If there is any NaN or Inf samples a ValueError is raised.
Parameters:
Name | Type | Description | Default |
---|---|---|---|
X | ndarray of floats | The input data. | required |
y | ndarray of floats | The output data. | required |
Source code in sysidentpy/utils/_check_arrays.py
check_length(X, y)
¶
Check that X and y have the same number of samples.

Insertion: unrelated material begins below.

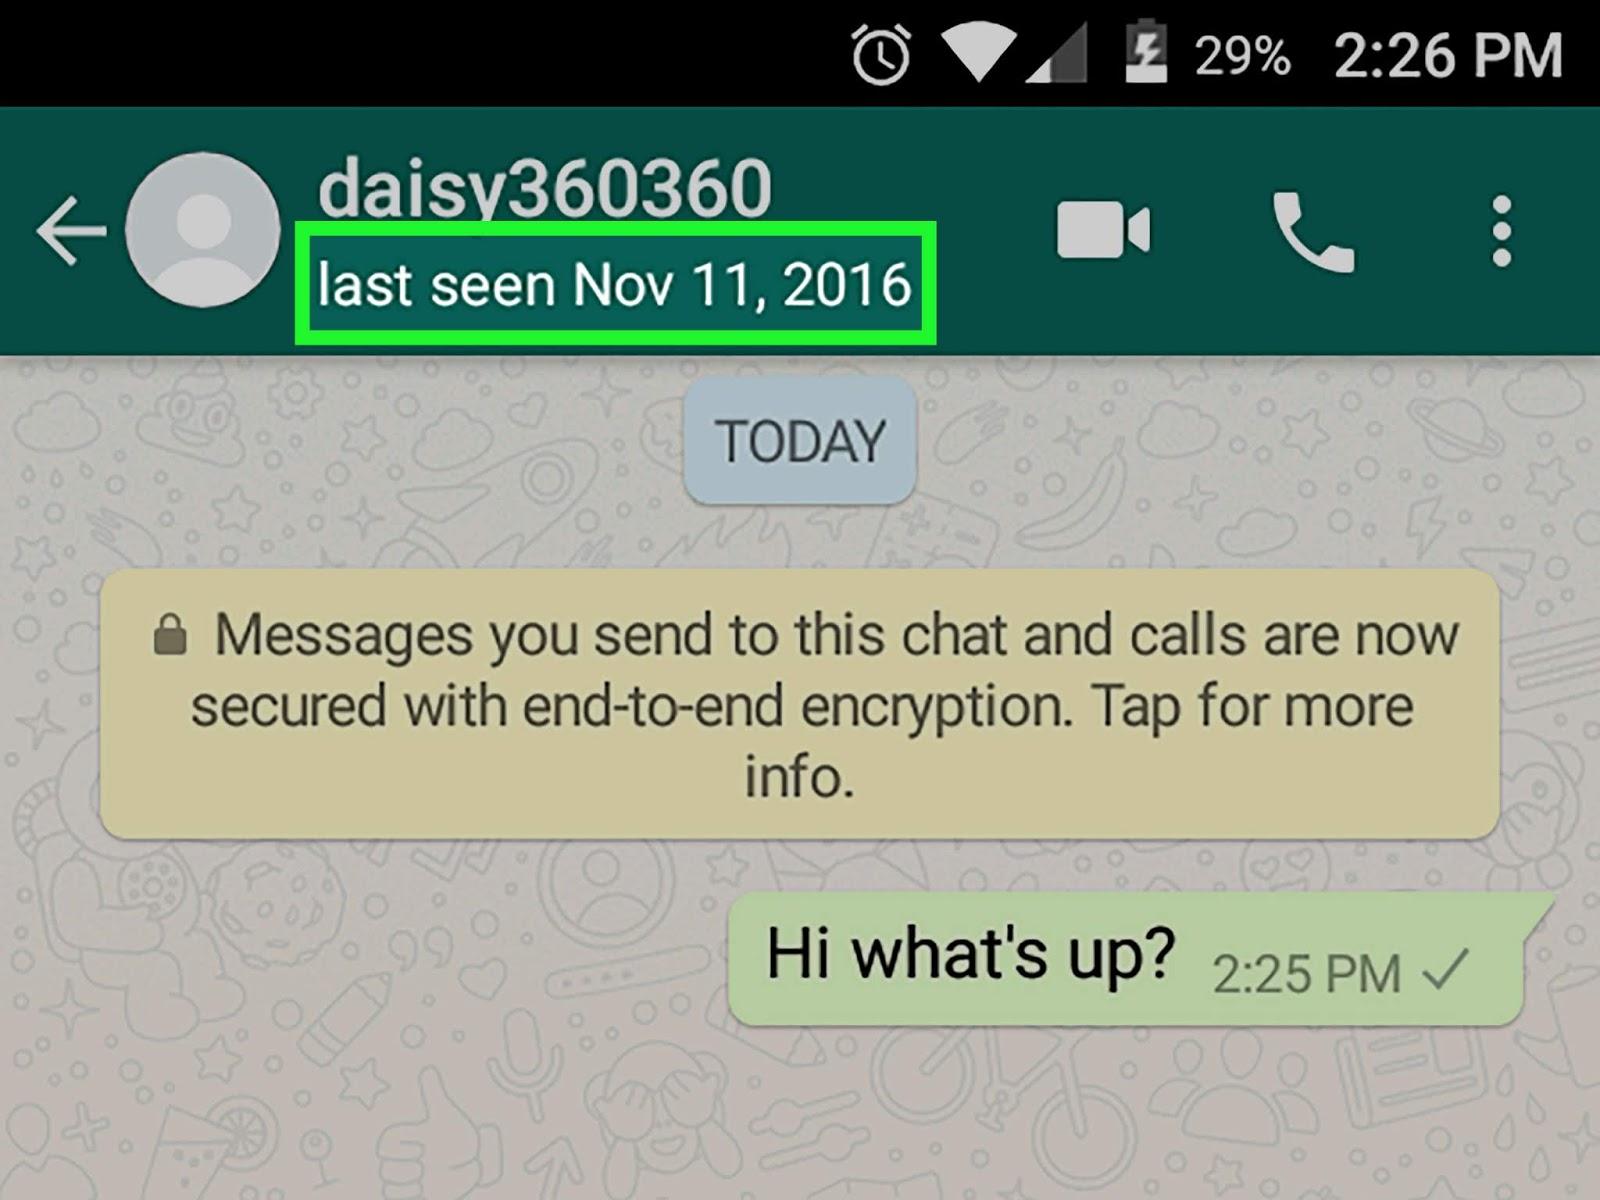 Cara Membuat Last Seen Palsu Di Whatsapp - Rumah Multimedia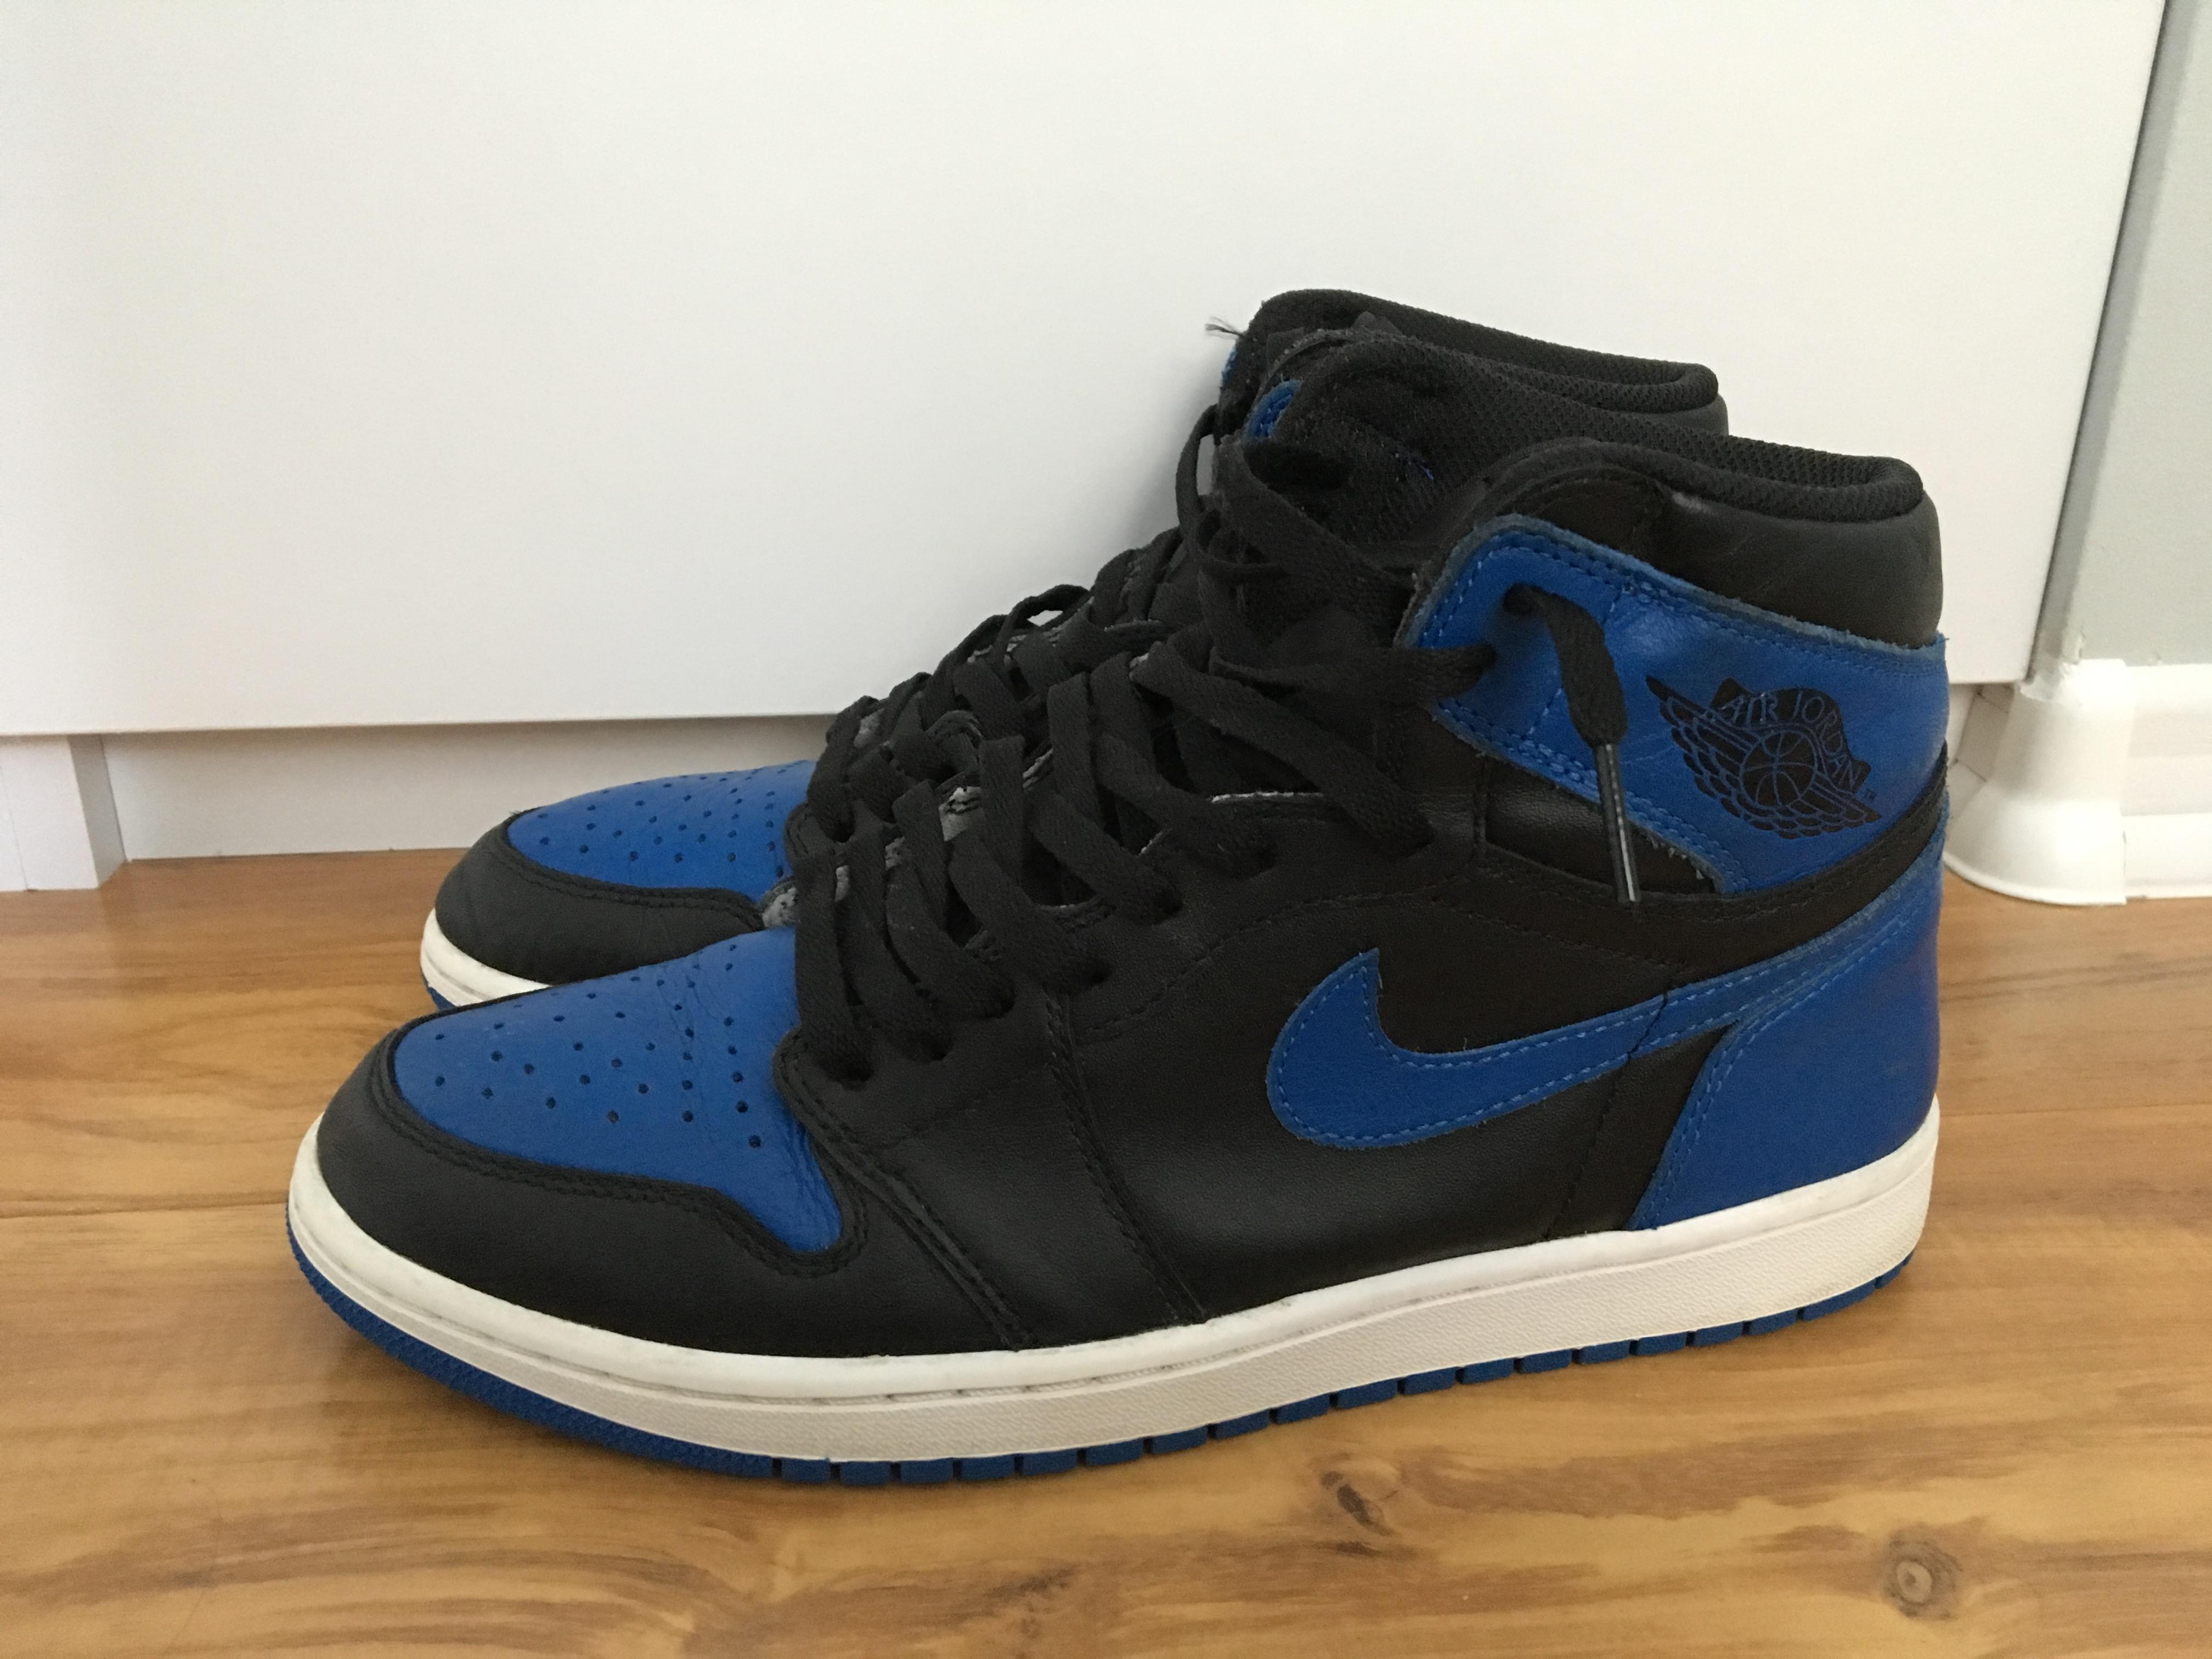 cdf280ced4b Jordan Brand Nike Air Jordan 1 Retro High Og Royal Blue Black 555088 ...

If the length of X and y are different a ValueError is raised.
Parameters:
Name | Type | Description | Default |
---|---|---|---|
X | ndarray of floats | The input data. | required |
y | ndarray of floats | The output data. | required |
Source code in sysidentpy/utils/_check_arrays.py
check_nan(X, y)
¶
Check that X and y have no NaN or Inf samples.
If there is any NaN or Inf samples a ValueError is raised.
Parameters:
Name | Type | Description | Default |
---|---|---|---|
X | ndarray of floats | The input data. | required |
y | ndarray of floats | The output data. | required |
Source code in sysidentpy/utils/_check_arrays.py
check_random_state(seed)
¶
Turn seed
into a np.random.RandomState
instance.
Parameters:
Name | Type | Description | Default |
---|---|---|---|
seed | {None, int, `numpy.random.Generator`, |
If | required |
Returns:
Name | Type | Description |
---|---|---|
seed | {`numpy.random.Generator`, `numpy.random.RandomState`} | Random number generator. |
Source code in sysidentpy/utils/_check_arrays.py
Display results formatted for the user.
results(final_model=None, theta=None, err=None, n_terms=None, theta_precision=4, err_precision=8, dtype='dec')
¶
Write the model regressors, parameters and ERR values.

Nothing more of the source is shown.